Data for this task —
════════════════

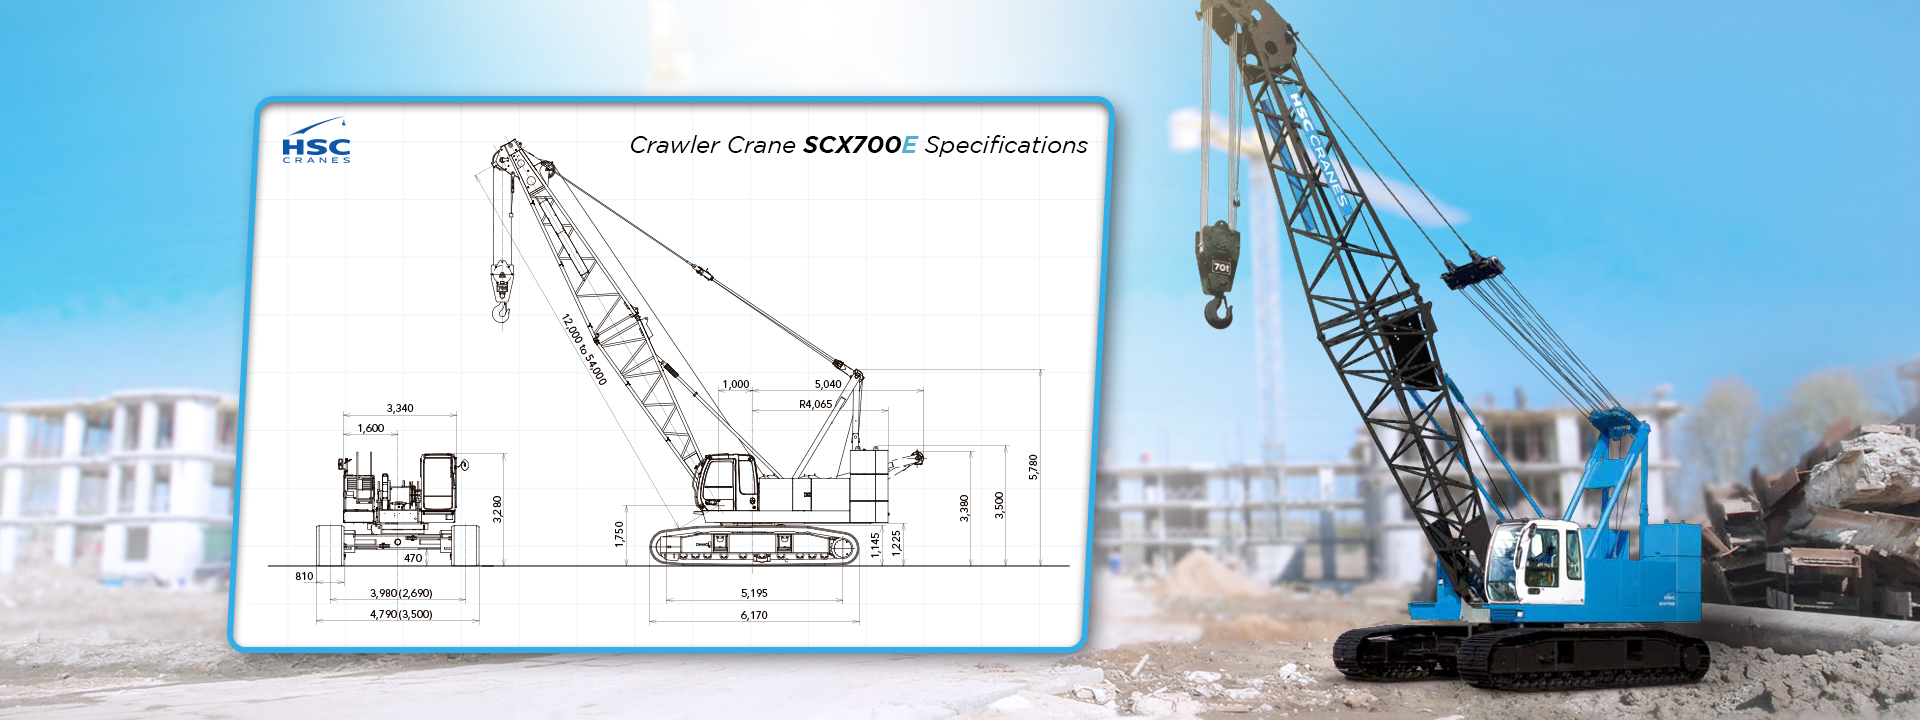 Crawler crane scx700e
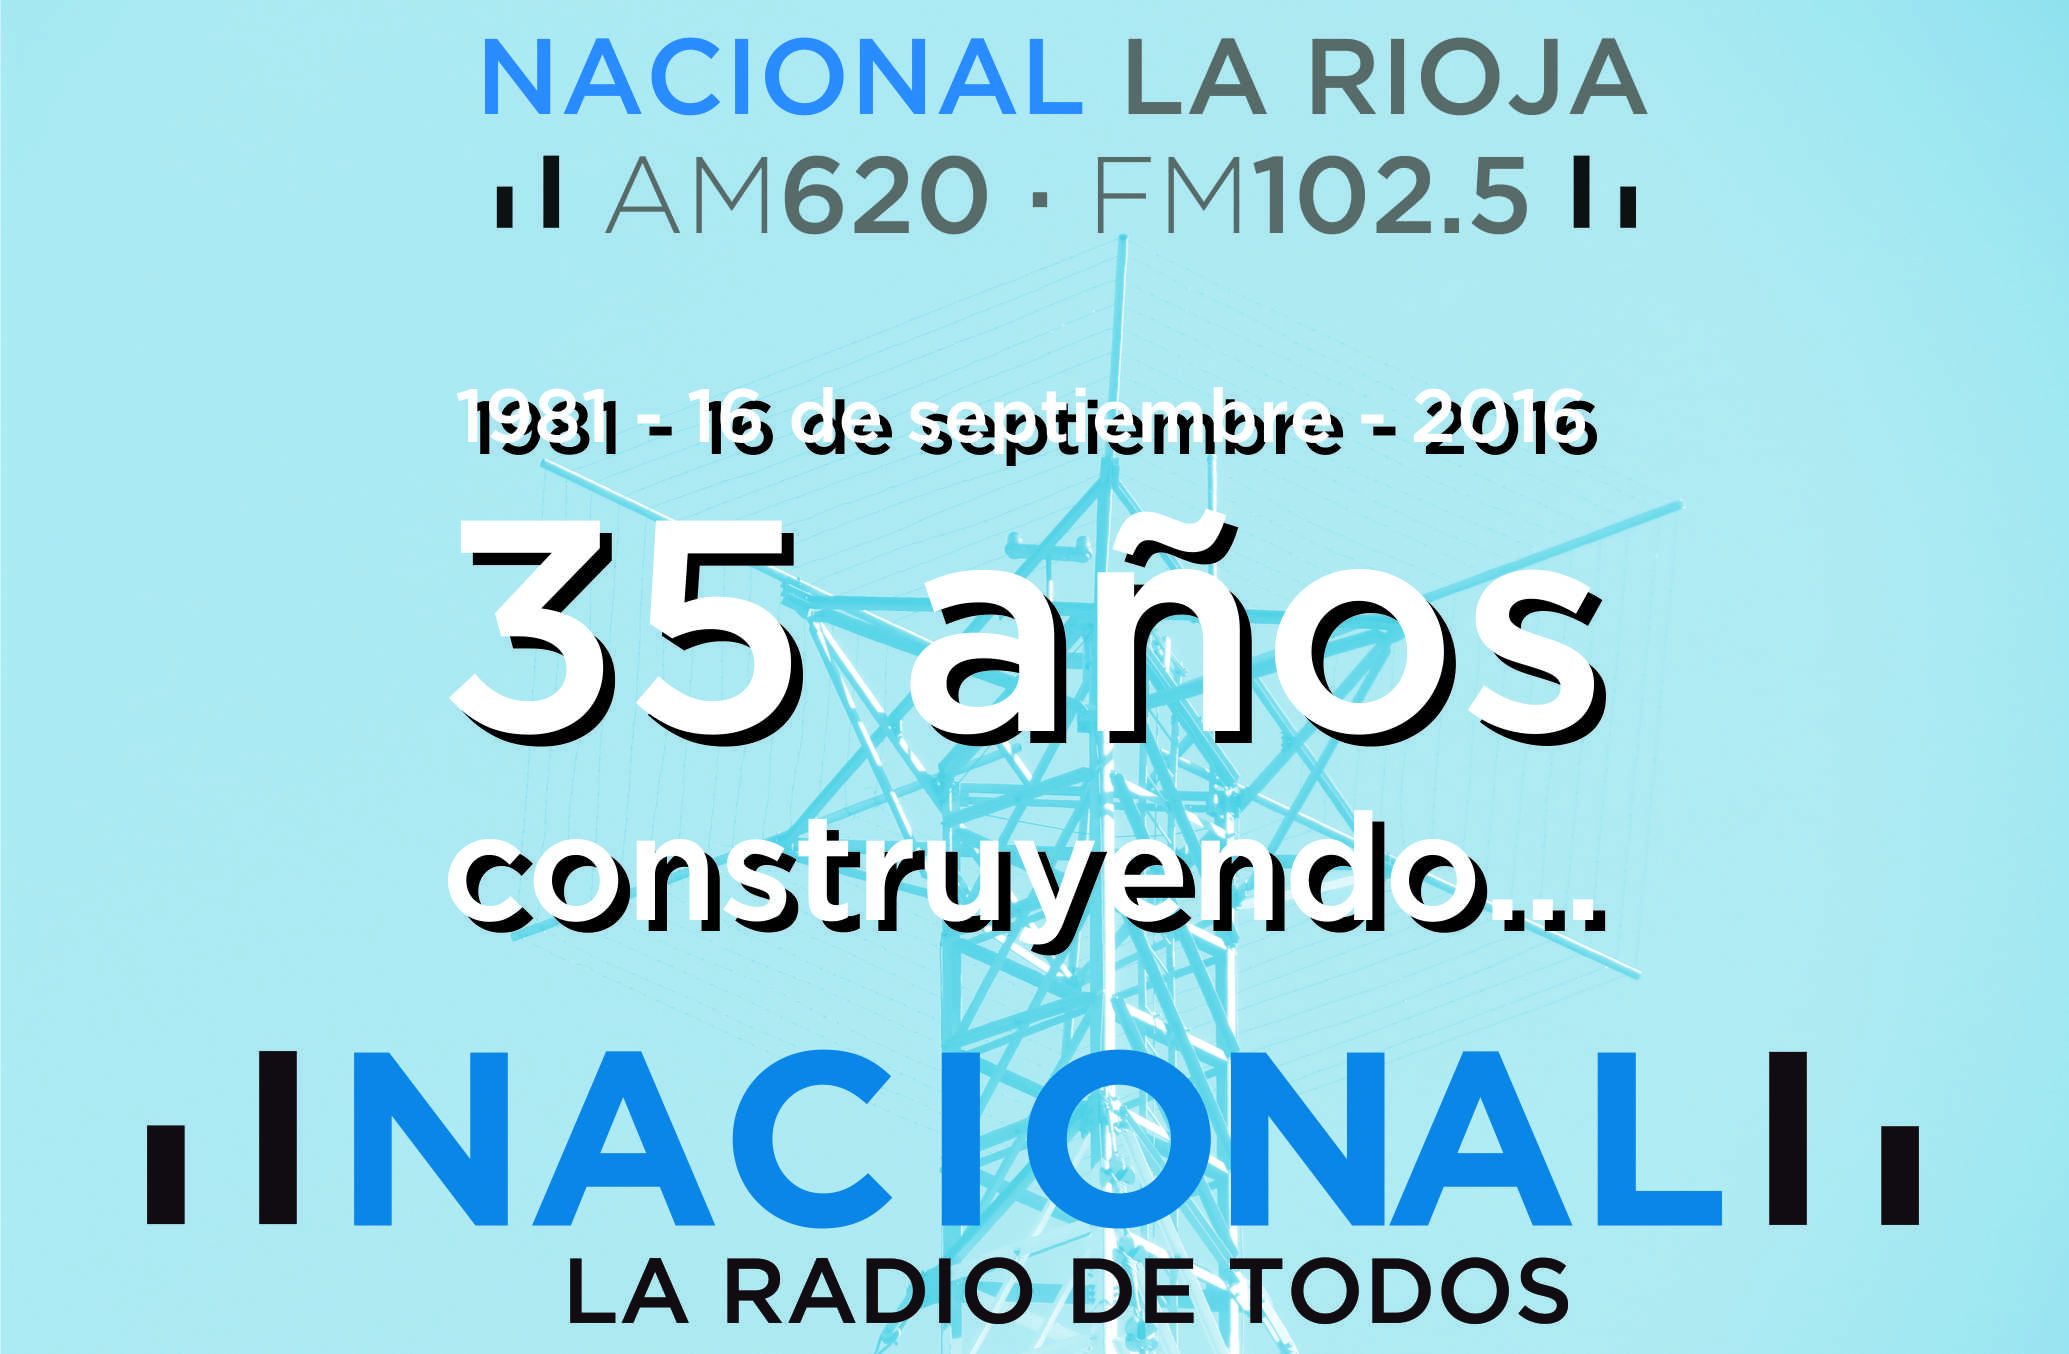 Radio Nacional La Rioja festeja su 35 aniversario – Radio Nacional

════════════════

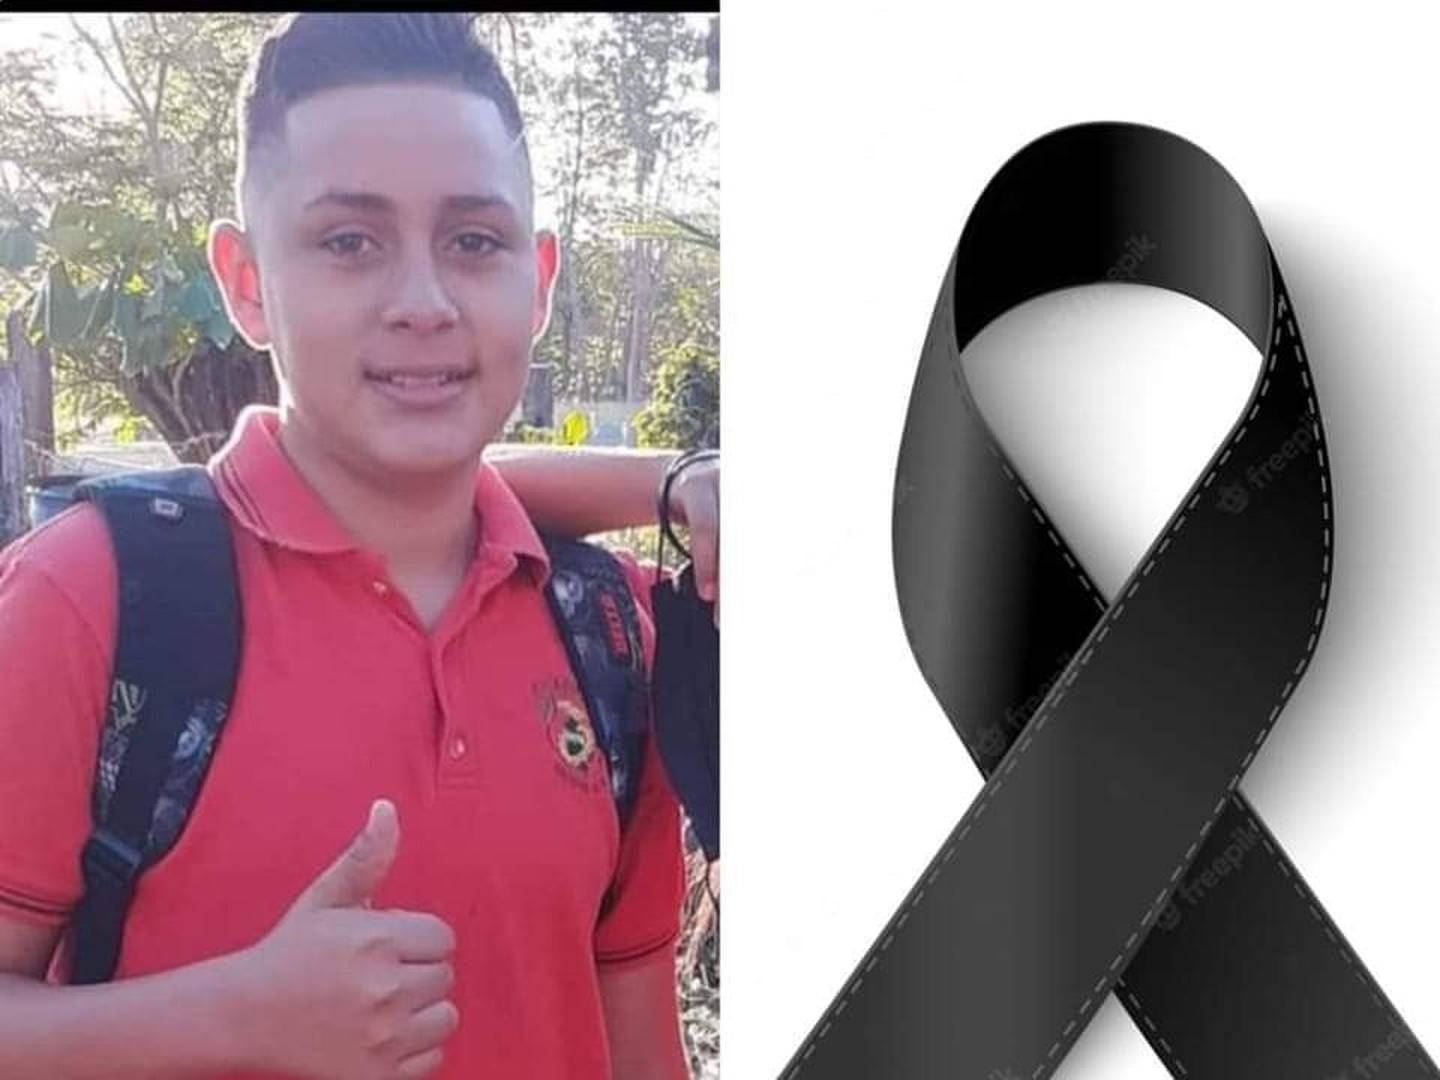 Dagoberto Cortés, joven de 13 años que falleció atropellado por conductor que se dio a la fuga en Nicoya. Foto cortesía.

════════════════

Aim of the exercise —
Nothing but the lines from the one with "Crawler crane scx700e" to the one with "Radio Nacional La" above, both included, should be transcribed, exactly and without pictures.

Result below —
 Crawler crane scx700e
 Radio Nacional La Rioja festeja su 35 aniversario – Radio Nacional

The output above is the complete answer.